Ferraz António, Saatchi Sassan S, Longo Marcos, Clark David B
Jet Propulsion Laboratory, California Institute of Technology, Pasadena, California, 91109, USA.
Institute of Environment and Sustainability, University of California, Los Angeles, California, 90024, USA.
Ecol Appl. 2020 Oct;30(7):e02154. doi: 10.1002/eap.2154. Epub 2020 Jul 6.
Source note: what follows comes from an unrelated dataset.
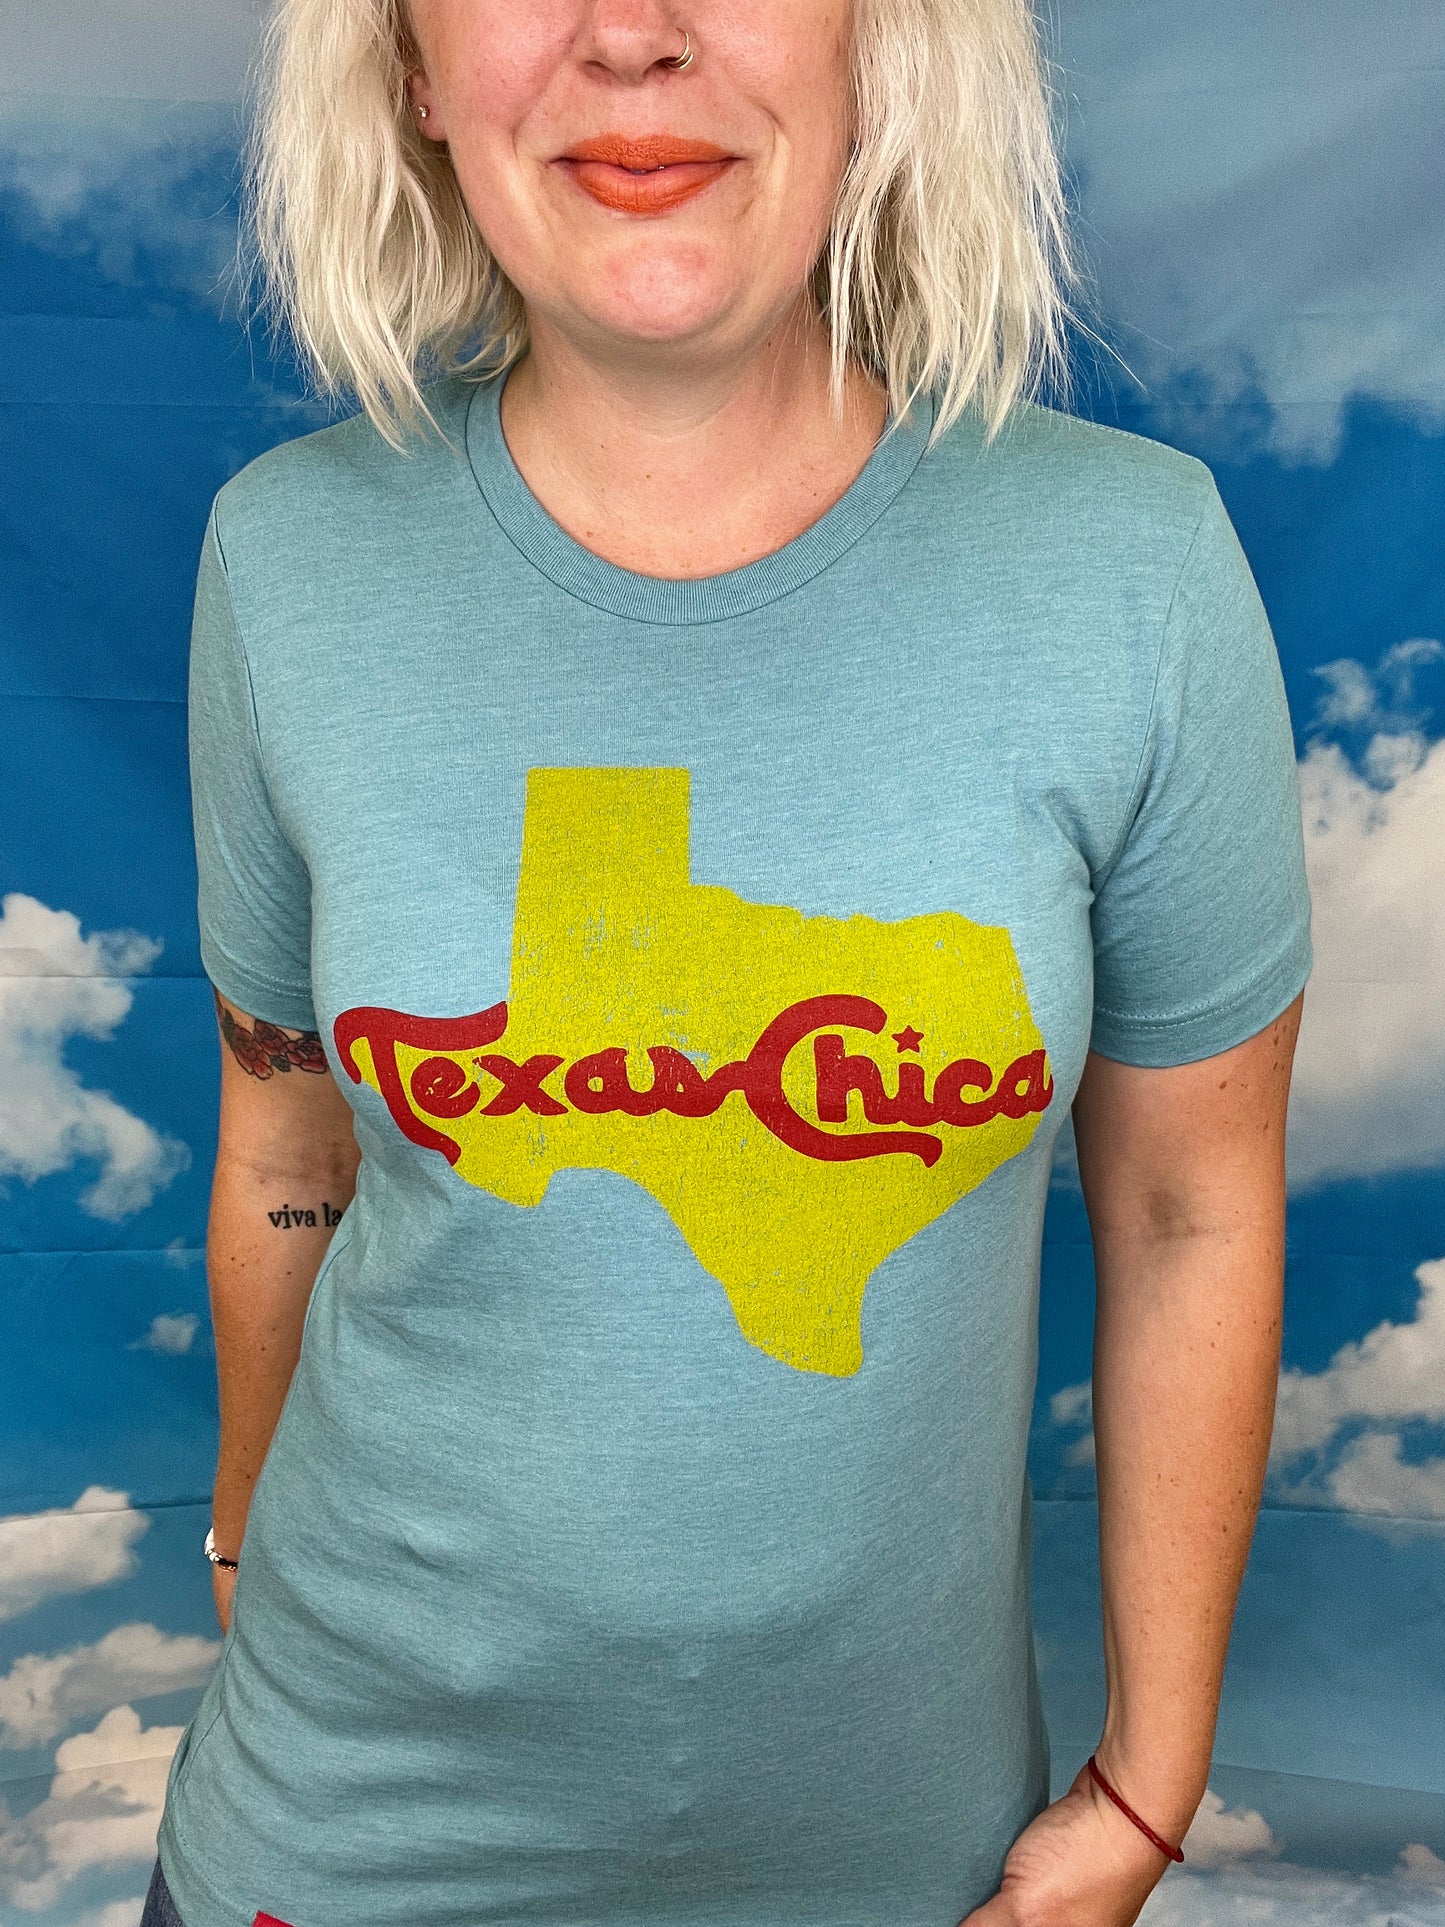 Last Call Texas Chica Tee [Azul]
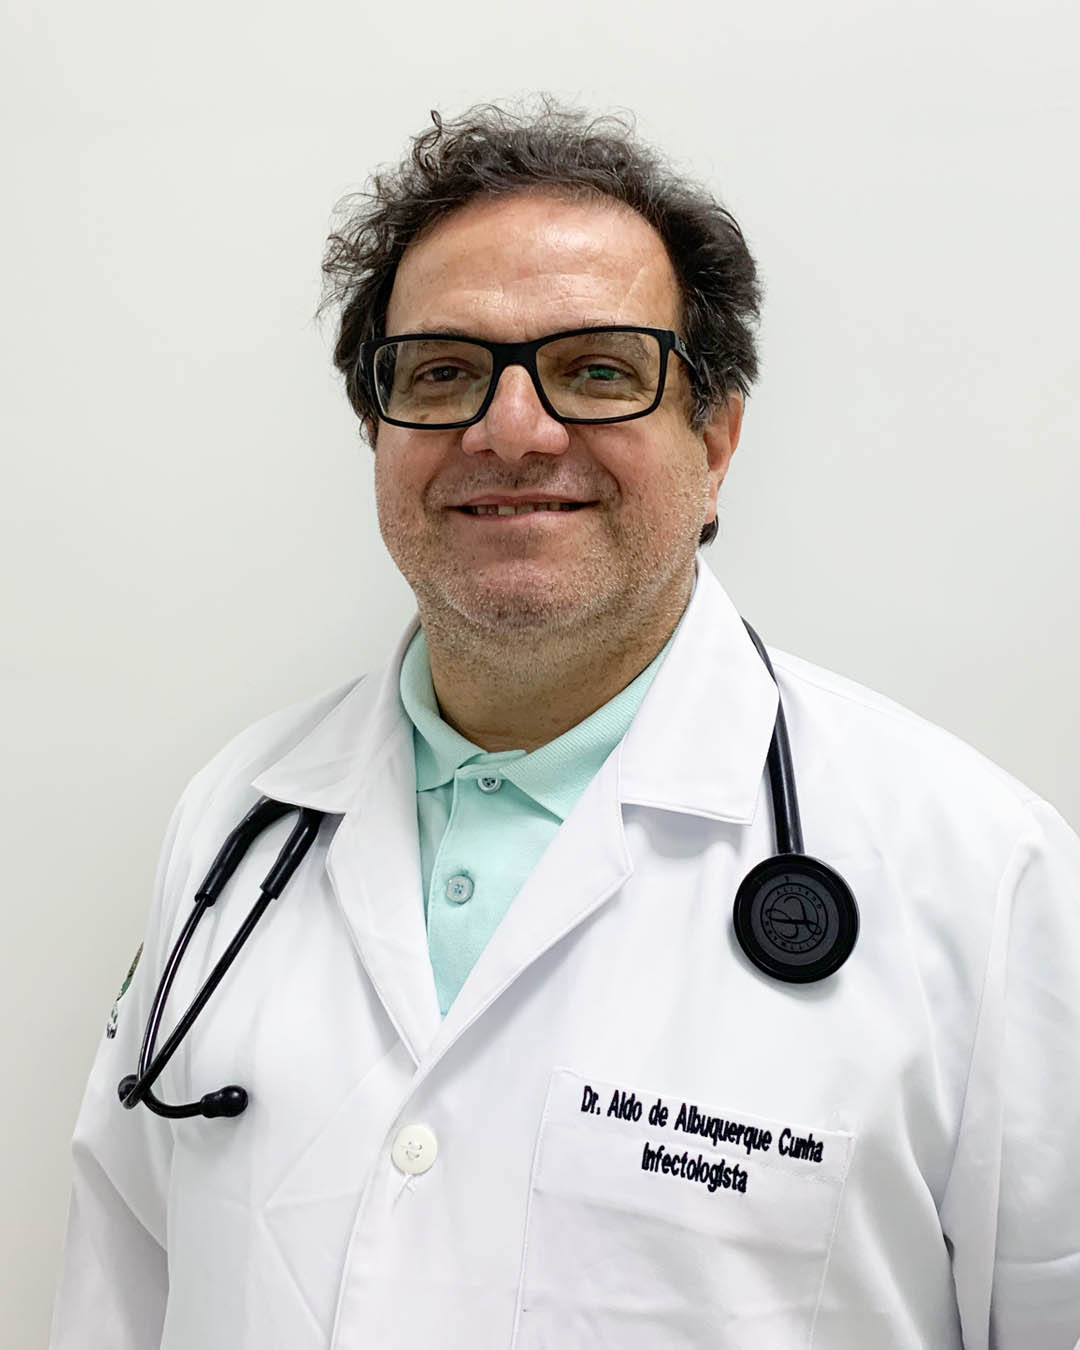 Dr. Aldo de A. Cunha

In tropical rainforests, tree size and number density are influenced by disturbance history, soil, topography, climate, and biological factors that are difficult to predict without detailed and widespread forest inventory data. Here, we quantify tree size-frequency distributions over an old-growth wet tropical forest at the La Selva Biological Station in Costa Rica by using an individual tree crown (ITC) algorithm on airborne lidar measurements. The ITC provided tree height, crown area, the number of trees >10 m height and, predicted tree diameter, and aboveground biomass from field allometry. The number density showed strong agreement with field observations at the plot- (97.4%; 3% bias) and tree-height-classes level (97.4%; 3% bias). The lidar trees size spectra of tree diameter and height closely follow the distributions measured on the ground but showed less agreement with crown area observations. The model to convert lidar-derived tree height and crown area to tree diameter produced unbiased (0.8%) estimates of plot-level basal area and with low uncertainty (6%). Predictions on basal area for tree height classes were also unbiased (1.3%) but with larger uncertainties (22%). The biomass estimates had no significant bias at the plot- and tree-height-classes level (-5.2% and 2.1%). Our ITC method provides a powerful tool for tree- to landscape-level tropical forest inventory and biomass estimation by overcoming the limitations of lidar area-based approaches that require local calibration using a large number of inventory plots.
在热带雨林中,树木大小和数量密度受干扰历史、土壤、地形、气候以及生物因素的影响。如果没有详细且广泛的森林清查数据,这些因素很难预测。在此,我们通过对哥斯达黎加拉塞尔瓦生物站一片老龄湿润热带森林的机载激光雷达测量数据应用单木树冠(ITC)算法,来量化树木大小-频率分布。ITC提供了树高、树冠面积、高度大于10米的树木数量、预测的树木直径以及基于野外异速生长法得出的地上生物量。数量密度在样地水平(97.4%;偏差3%)和树高等级水平(97.4%;偏差3%)与实地观测结果高度一致。激光雷达测量的树木直径和高度的大小谱紧密遵循地面测量的分布,但与树冠面积观测结果的一致性较差。将激光雷达获取的树高和树冠面积转换为树木直径的模型对样地水平的断面积产生了无偏差(0.8%)的估计,且不确定性较低(6%)。对树高等级的断面积预测同样无偏差(1.3%),但不确定性较大(22%)。在样地和树高等级水平上,生物量估计没有显著偏差(-5.2%和2.1%)。我们的ITC方法克服了基于激光雷达面积法需要使用大量清查样地进行局部校准的局限性,为从树木到景观尺度的热带森林清查和生物量估计提供了一个强大的工具。